### YOUR OBJECTIVE:
The expected output is the data below, character for character, without its pictures.

### DATA PROVIDED:

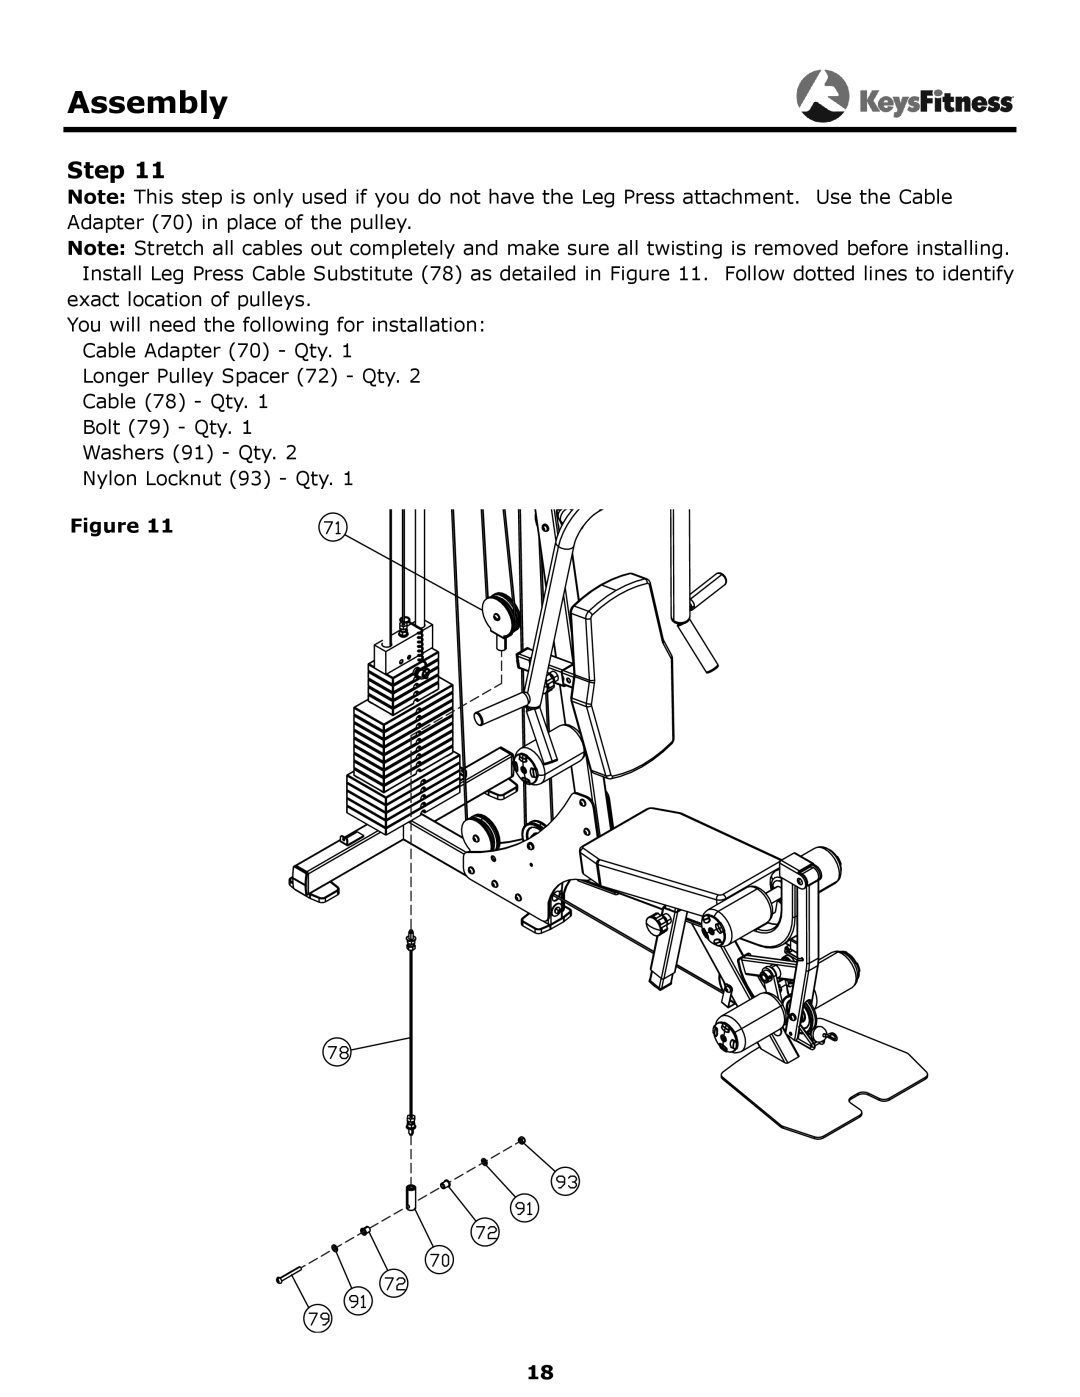 Keys Fitness KF-1560 owner manual Assembly, Step, exact location of pulleys 
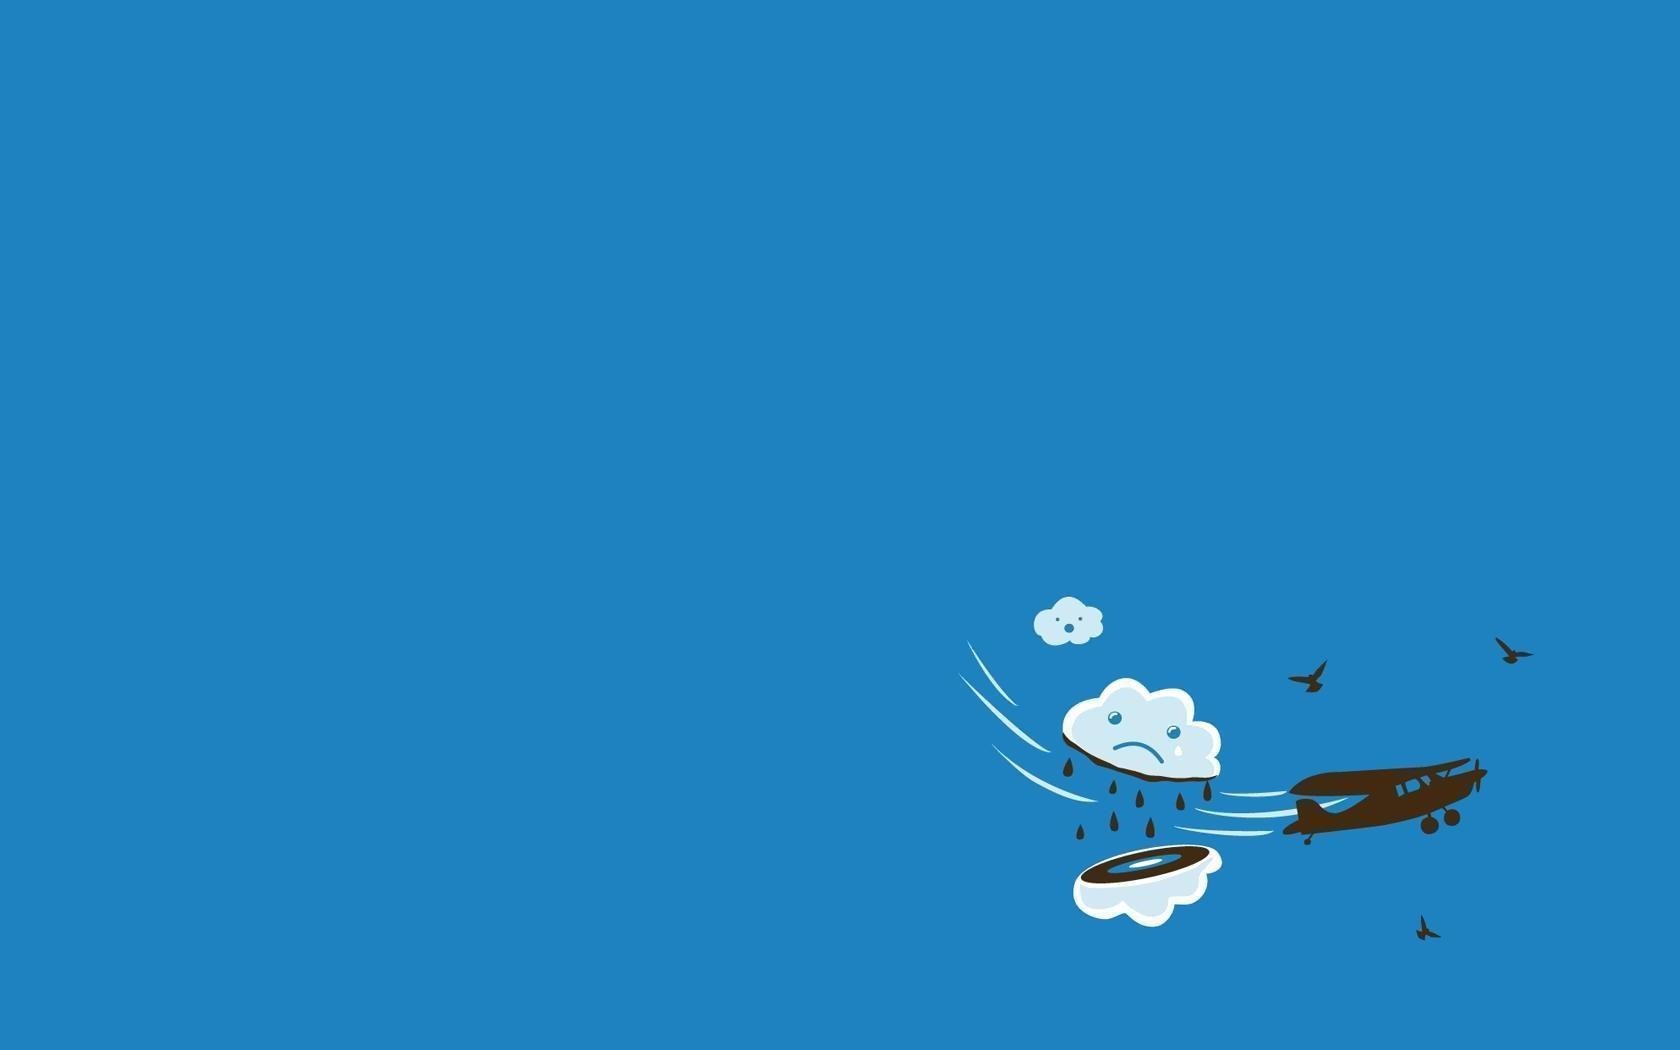 General 1680x1050 clouds minimalism humor aircraft vehicle sky artwork airplane simple background blue background
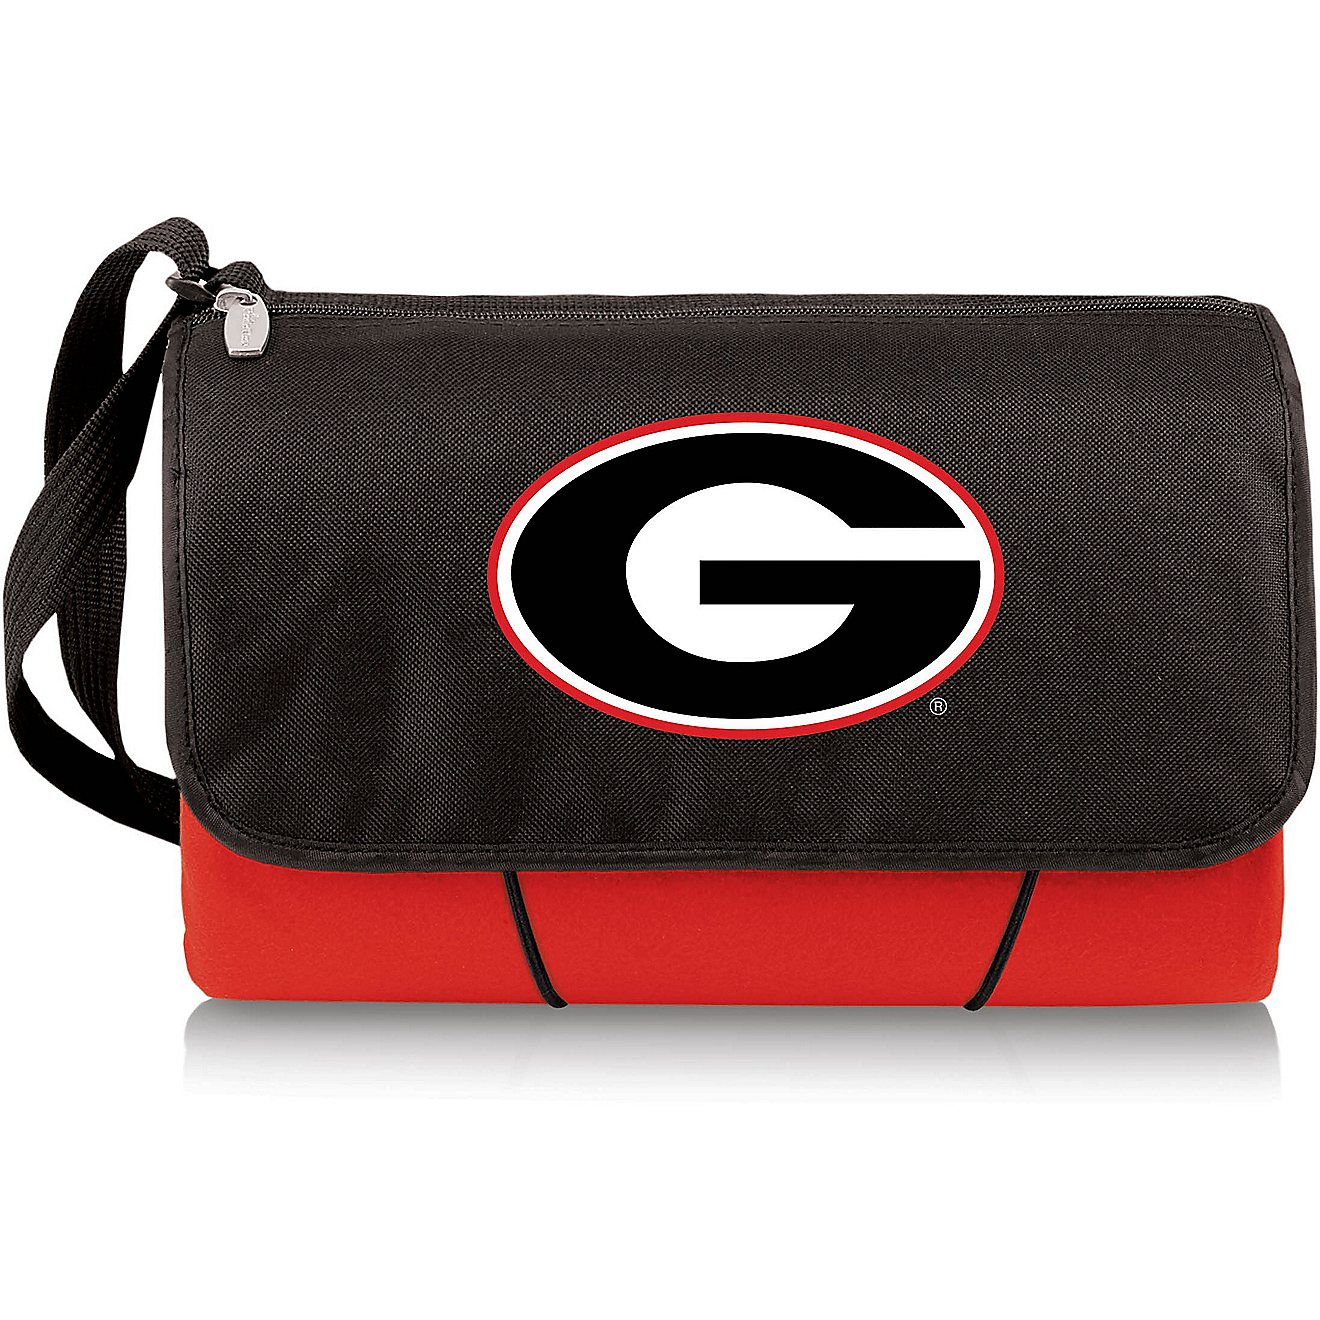 Picnic Time University of Georgia Blanket Tote                                                                                   - view number 1

### RESPONSE TO THIS TASK:
 Keys Fitness KF-1560 owner manual Assembly, Step, exact location of pulleys 
 General 1680x1050 clouds minimalism humor aircraft vehicle sky artwork airplane simple background blue background
 Picnic Time University of Georgia Blanket Tote                                                                                   - view number 1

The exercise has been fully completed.